Inference speed is gated by compute-heavy parameters (2.3B), not total weight count (5.1B). The remaining ~2.8B lives in embedding tables that cost almost nothing to use — they’re just array index lookups, no matrix multiplications.

So compared to a standard dense 5B model where all 5B parameters participate in heavy compute (attention, FFN), E2B only runs 2.3B parameters through actual computation.

2. The Gemma 4 Model Family 🔗

Model	Architecture	Total Params	Active/Effective Params	Why Fast
E2B	Dense	5.1B	2.3B effective	PLE trick (see below)
E4B	Dense	8B	4.5B effective	PLE trick
26B A4B	MoE	25.2B	3.8B active	Only 8 of 128 experts fire per token
31B	Dense	30.7B	30.7B	No tricks, full compute

E2B is NOT MoE. It’s a genuinely small dense transformer. The “few effective params” is not sparsity/routing — the core transformer really is 2.3B. PLE bolts on extra parameters cheaply on top.

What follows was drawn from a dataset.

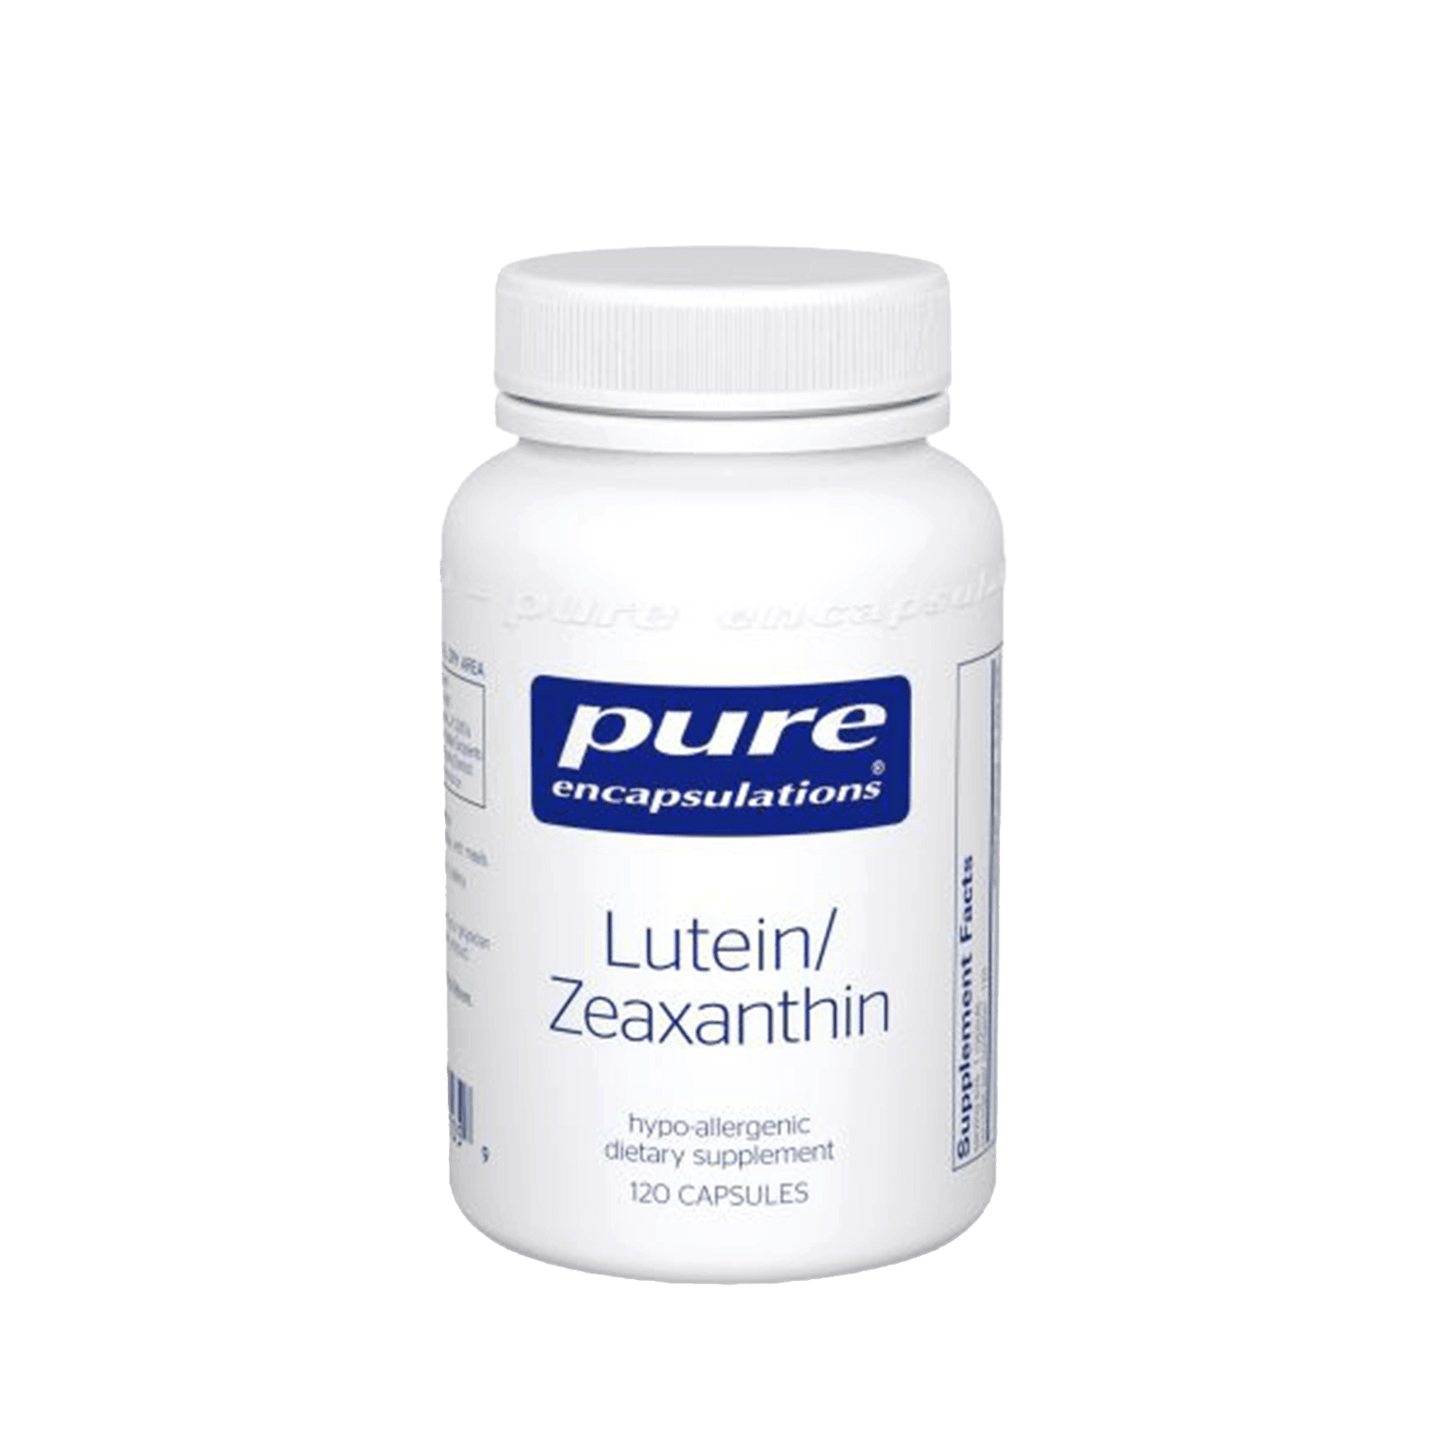 Pure Encapsulations Lutein/Zeaxanthin capsules

3. What is Per-Layer Embedding (PLE)? 🔗

Normal Transformer (e.g. Qwen, LLaMA) 🔗

One embedding table. Runs once at the start:

token_ids → [embedding table] → hidden_states (seq_len × hidden_dim)
     ↓
  Layer 1 (attention + FFN)
     ↓
  Layer 2 (attention + FFN)
     ↓
     ...
  Layer N
     ↓
  output

The token "cat" is looked up once. That fixed vector flows through all layers getting transformed.

E2B with PLE 🔗

There’s still the initial lookup, but each transformer layer also receives a fresh, layer-specific token vector injected after attention + FFN.

token_ids → [main embedding] → hidden_states
          → [ONE big PLE lookup] → split into N layer slices

Layer 1:  attention → FFN → [gated injection of ple_slice_1] → residual add
Layer 2:  attention → FFN → [gated injection of ple_slice_2] → residual add
...
Layer 35: attention → FFN → [gated injection of ple_slice_35] → residual add

The token IDs never disappear — they’re stored as integers from the start and reused for all lookups.

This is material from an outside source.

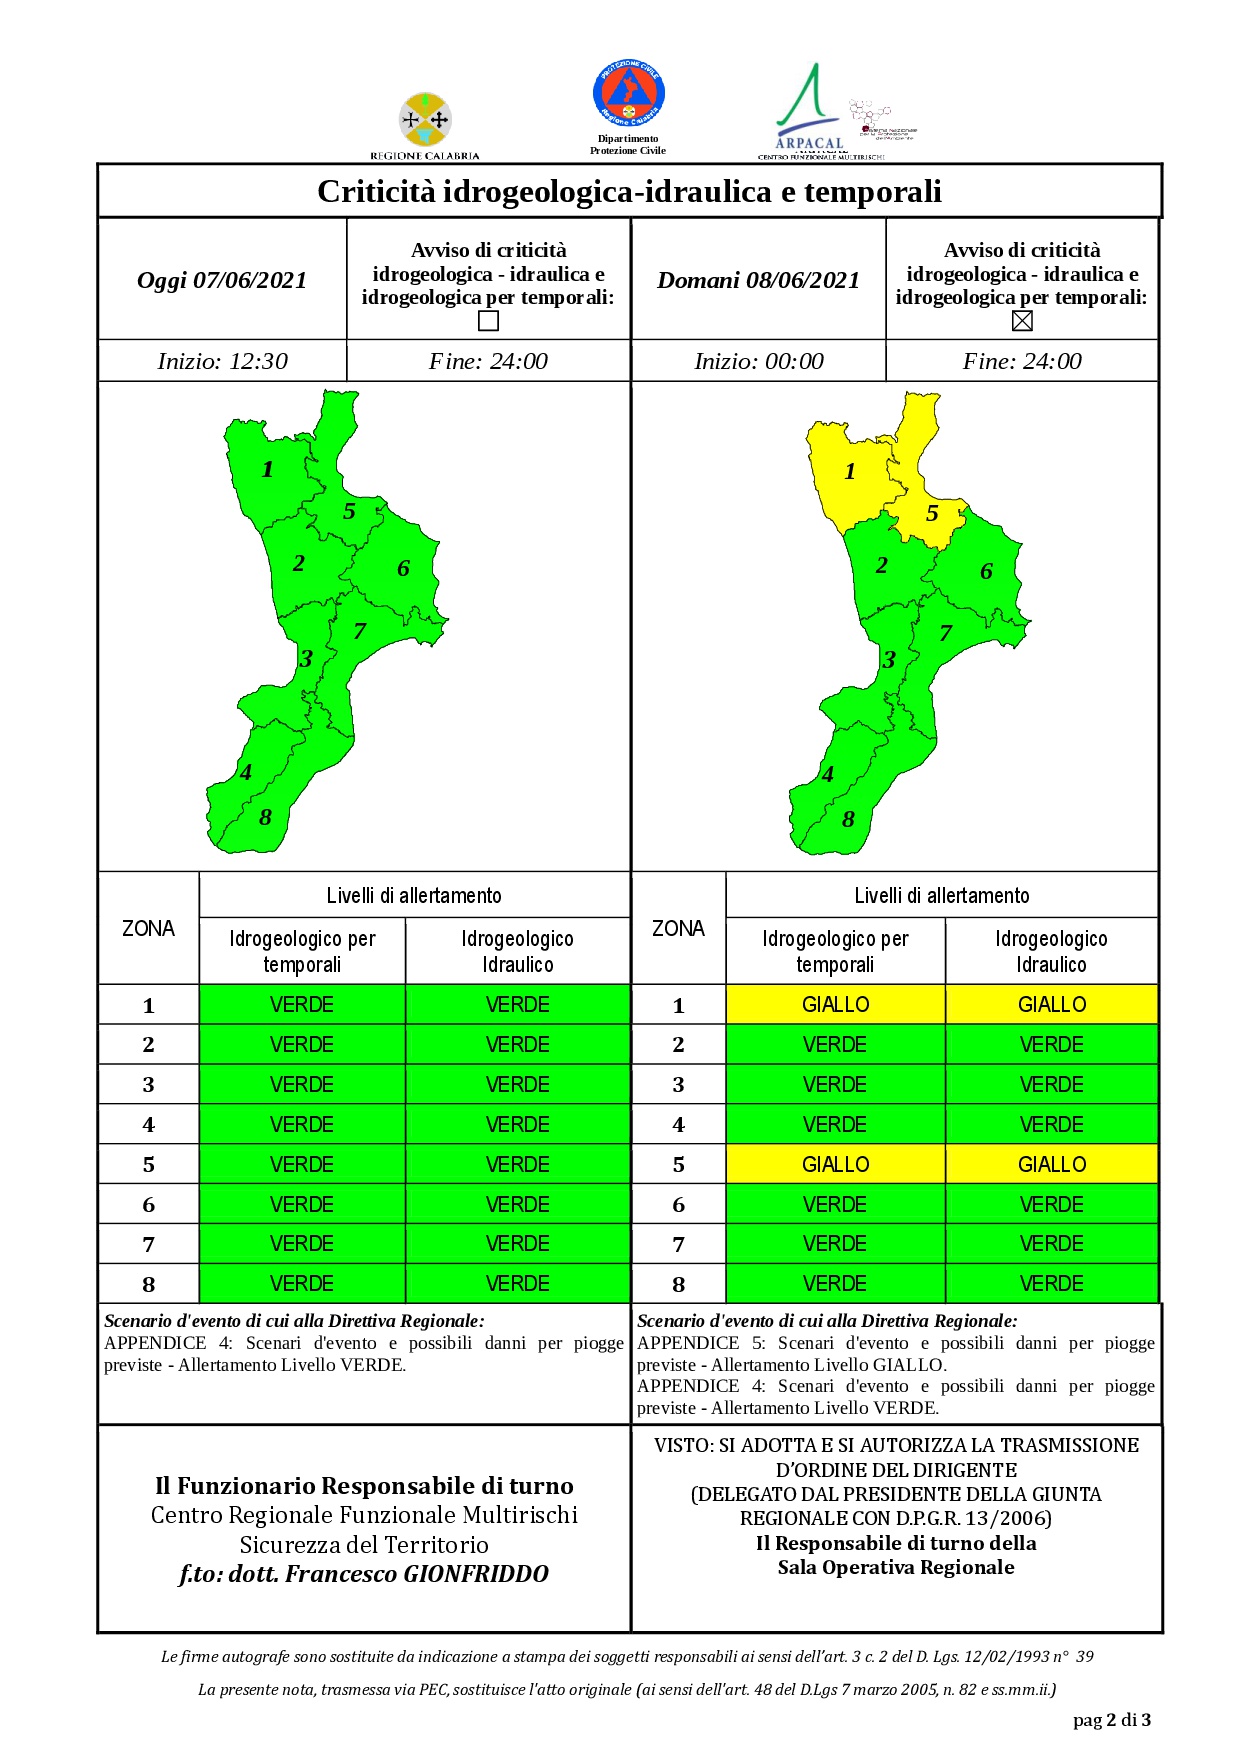 Criticità idrogeologica-idraulica e temporali in Calabria 07-06-2021

4. Why the Embedding Tables Are So Large (~2.8B extra params) 🔗

Two compounding factors:

Vocabulary size: 262,144 tokens — roughly 8× larger than typical models (LLaMA uses ~32K). Needed for 140+ languages + multimodal tokens (image/audio).
35 decoder layers — each gets its own embedding slice.

2.8B / (262,144 × 35) ≈ 305 dims per PLE vector per layer

But because it’s all just array lookups (table[token_id]), these 2.8B parameters cost almost nothing at runtime — no compute, just memory reads.

5. Exact Implementation (from source code) 🔗

Step 1 — One big lookup upfront 🔗

Google’s implementation is smart: rather than doing 35 separate lookups inside the layer loop, they do one giant lookup before the loop starts.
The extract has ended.